_Work task_. Quote the records below word for word, please, from the very first line through the one that contains "Succulents and more", and nothing beyond it.
——————————
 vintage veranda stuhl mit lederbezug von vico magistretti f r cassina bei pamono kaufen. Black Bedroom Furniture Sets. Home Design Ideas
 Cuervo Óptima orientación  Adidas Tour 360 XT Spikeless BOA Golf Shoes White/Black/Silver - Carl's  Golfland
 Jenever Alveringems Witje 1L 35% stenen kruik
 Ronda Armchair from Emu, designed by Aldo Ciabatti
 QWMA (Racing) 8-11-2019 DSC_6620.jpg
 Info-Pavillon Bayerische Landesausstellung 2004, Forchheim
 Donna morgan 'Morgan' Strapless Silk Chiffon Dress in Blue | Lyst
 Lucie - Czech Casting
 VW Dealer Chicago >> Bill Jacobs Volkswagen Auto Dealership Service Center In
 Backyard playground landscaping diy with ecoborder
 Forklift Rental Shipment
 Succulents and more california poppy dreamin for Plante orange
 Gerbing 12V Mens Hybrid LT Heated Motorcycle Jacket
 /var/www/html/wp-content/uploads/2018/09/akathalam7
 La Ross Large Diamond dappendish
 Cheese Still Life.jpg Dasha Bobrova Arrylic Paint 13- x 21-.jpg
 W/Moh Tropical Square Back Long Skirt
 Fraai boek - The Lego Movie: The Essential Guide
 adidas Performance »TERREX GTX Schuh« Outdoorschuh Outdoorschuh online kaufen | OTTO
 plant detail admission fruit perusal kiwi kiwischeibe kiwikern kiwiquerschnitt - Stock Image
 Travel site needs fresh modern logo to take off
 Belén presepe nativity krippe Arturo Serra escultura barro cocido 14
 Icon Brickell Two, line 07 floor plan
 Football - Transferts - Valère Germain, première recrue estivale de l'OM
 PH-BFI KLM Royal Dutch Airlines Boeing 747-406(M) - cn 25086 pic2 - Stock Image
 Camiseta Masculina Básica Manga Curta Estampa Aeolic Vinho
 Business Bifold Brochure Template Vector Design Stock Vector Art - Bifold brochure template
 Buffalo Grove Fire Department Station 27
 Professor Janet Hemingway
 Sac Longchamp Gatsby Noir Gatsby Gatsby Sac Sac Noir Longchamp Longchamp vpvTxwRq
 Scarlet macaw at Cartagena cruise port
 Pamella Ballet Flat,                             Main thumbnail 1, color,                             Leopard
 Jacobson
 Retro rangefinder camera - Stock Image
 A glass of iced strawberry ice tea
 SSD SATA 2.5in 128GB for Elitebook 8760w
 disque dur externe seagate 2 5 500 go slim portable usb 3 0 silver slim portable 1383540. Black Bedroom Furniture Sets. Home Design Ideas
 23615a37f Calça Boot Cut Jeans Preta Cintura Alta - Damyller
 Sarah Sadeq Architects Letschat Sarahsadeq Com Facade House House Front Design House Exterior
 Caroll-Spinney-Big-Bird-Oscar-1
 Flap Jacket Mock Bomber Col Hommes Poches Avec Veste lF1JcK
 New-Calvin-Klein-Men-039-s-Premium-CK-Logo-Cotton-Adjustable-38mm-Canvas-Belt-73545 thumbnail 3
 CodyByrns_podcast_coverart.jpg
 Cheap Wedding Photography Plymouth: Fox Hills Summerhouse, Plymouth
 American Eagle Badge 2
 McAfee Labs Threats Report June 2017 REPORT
——————————
_Answer to this exercise_.
 vintage veranda stuhl mit lederbezug von vico magistretti f r cassina bei pamono kaufen. Black Bedroom Furniture Sets. Home Design Ideas
 Cuervo Óptima orientación  Adidas Tour 360 XT Spikeless BOA Golf Shoes White/Black/Silver - Carl's  Golfland
 Jenever Alveringems Witje 1L 35% stenen kruik
 Ronda Armchair from Emu, designed by Aldo Ciabatti
 QWMA (Racing) 8-11-2019 DSC_6620.jpg
 Info-Pavillon Bayerische Landesausstellung 2004, Forchheim
 Donna morgan 'Morgan' Strapless Silk Chiffon Dress in Blue | Lyst
 Lucie - Czech Casting
 VW Dealer Chicago >> Bill Jacobs Volkswagen Auto Dealership Service Center In
 Backyard playground landscaping diy with ecoborder
 Forklift Rental Shipment
 Succulents and more california poppy dreamin for Plante orange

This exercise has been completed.